Pender is the trumpet player for The Max Weinberg 7, the opening band for the late-night television show Late Night With Conan O’Brien. Pender has been in great musical company, having performed with Diana Ross, Bon Jovi, Joe Cocker, They Might Be Giants, Robert Cray and Bruce Springsteen.

“The only shows I’ve missed with Conan were to do a few dates with (Springsteen) a couple years a go, and he is such an inspiration to work with,” Pender said. “Every time I’m around him I feel like I have learned something … I always just wanted to do jazz, but once I got a load of what that guy was doing I was like, ‘Whoa, you have mad skills.’ ”

While one of Pender’s greatest experiences was playing with “The Boss,” such an opportunity would never have come about if he hadn’t auditioned for Conan O’Brien in 1993 after meeting Max Weinberg.

“Max is a real go-getter; he has an eye for how things work and he got the audition … I was on tour with Robert Cray but we just so happened to have a couple of days off, so we did the audition and while I was on the road I found out we got the gig,” Pender said. “I was blown away … and we taped our first episode of Conan on Sept. 13, 1993.”

Although the stability of 15 years on Conan has given Pender the feeling of being a true New Yorker, he misses his days on the road.

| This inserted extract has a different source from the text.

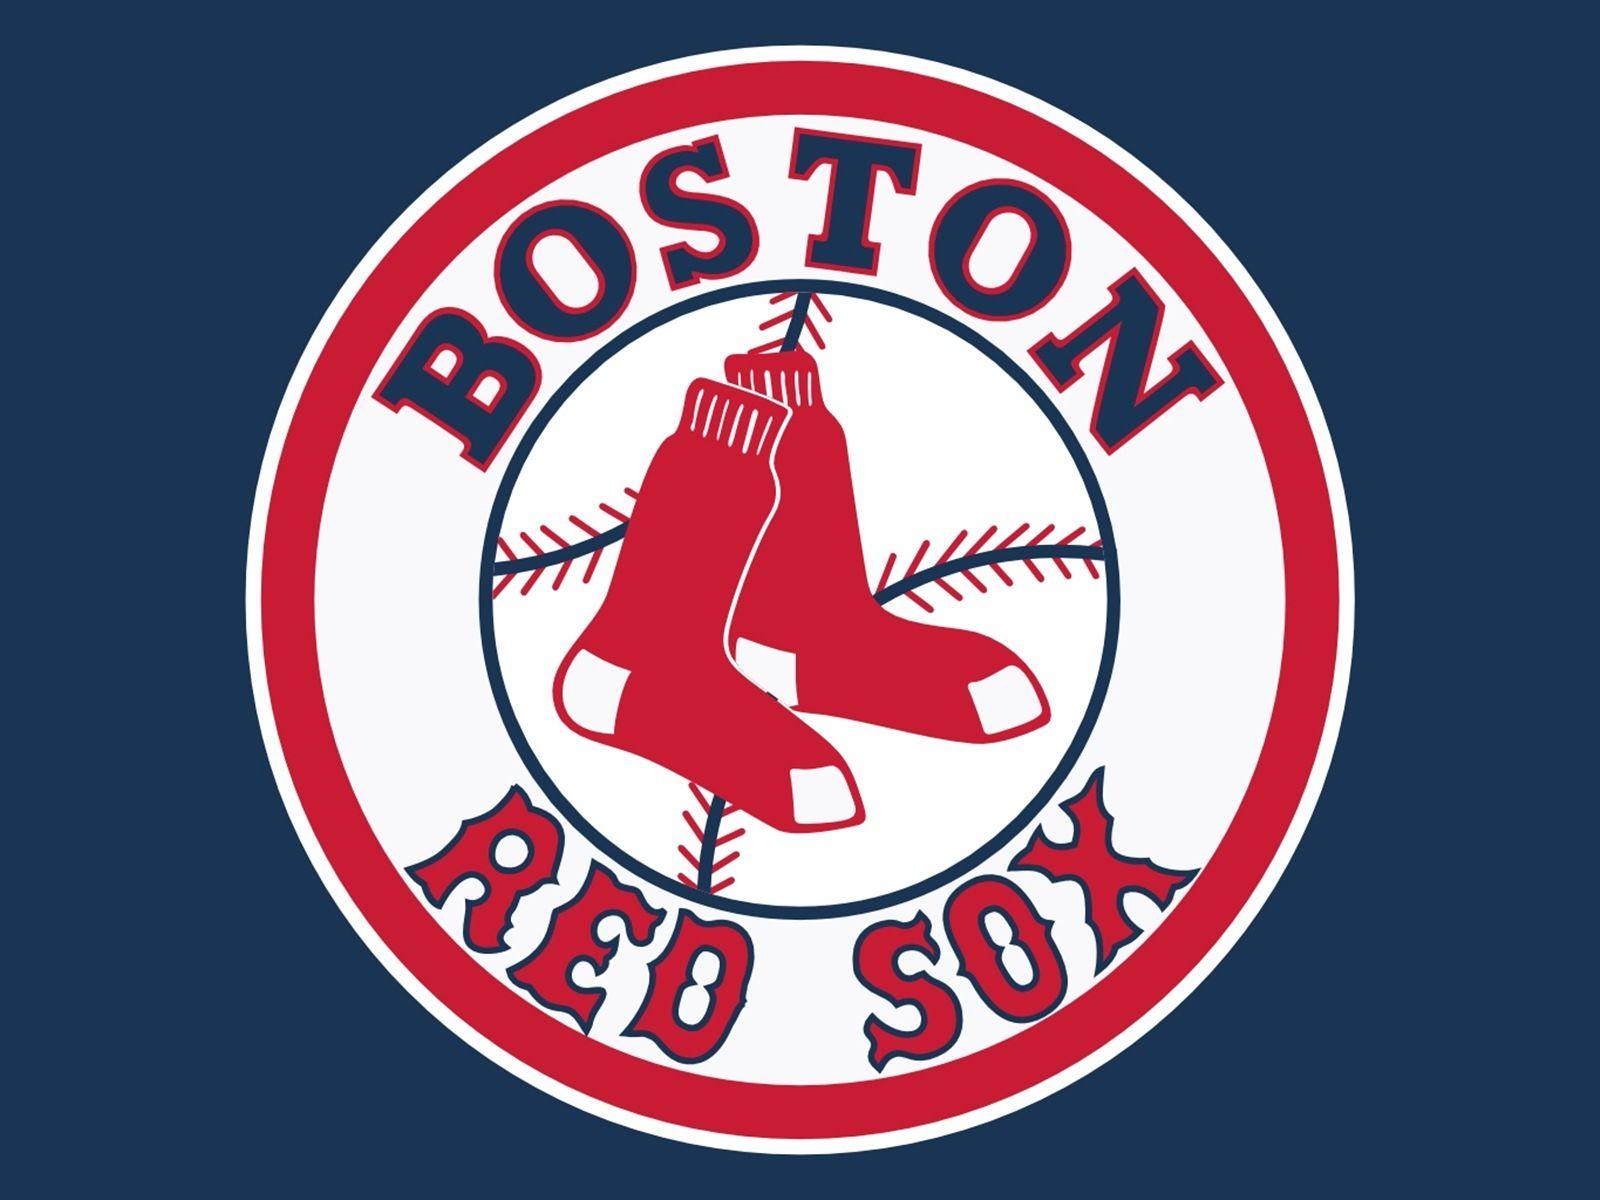 Red Socks Logo - Free Boston Red Sox Logo Download, Download Free Clip Art, Free Clip

Pender got his nickname “The Loveman” from his time playing with Steven Van Zandt, a guitarist for Bruce Springsteen’s E Street Band.

“(Van Zandt) was knocking on my hotel room door one night and I had on Marvin Gaye’s “Sexual Healing” and I was singing in my room with headphones on and so I didn’t answer the door,” Pender said. “So that night he introduces me as ‘The Loveman’ and it stuck … its kind of hard to explain (the nickname to your wife) when you are married,” Pender said. 
But now Pender gets his chance to get back on the road — at least temporarily — to play the jazz festival this weekend, as well as hold a music workshop for junior high and high school kids Saturday.

“It’s going to be great working with the students directly,” Pender said. “We’ll probably talk about improvising and then just get to playing.”

Pender will be playing each night of the festival, beginning with a jam at Casa Nueva with R & B Station.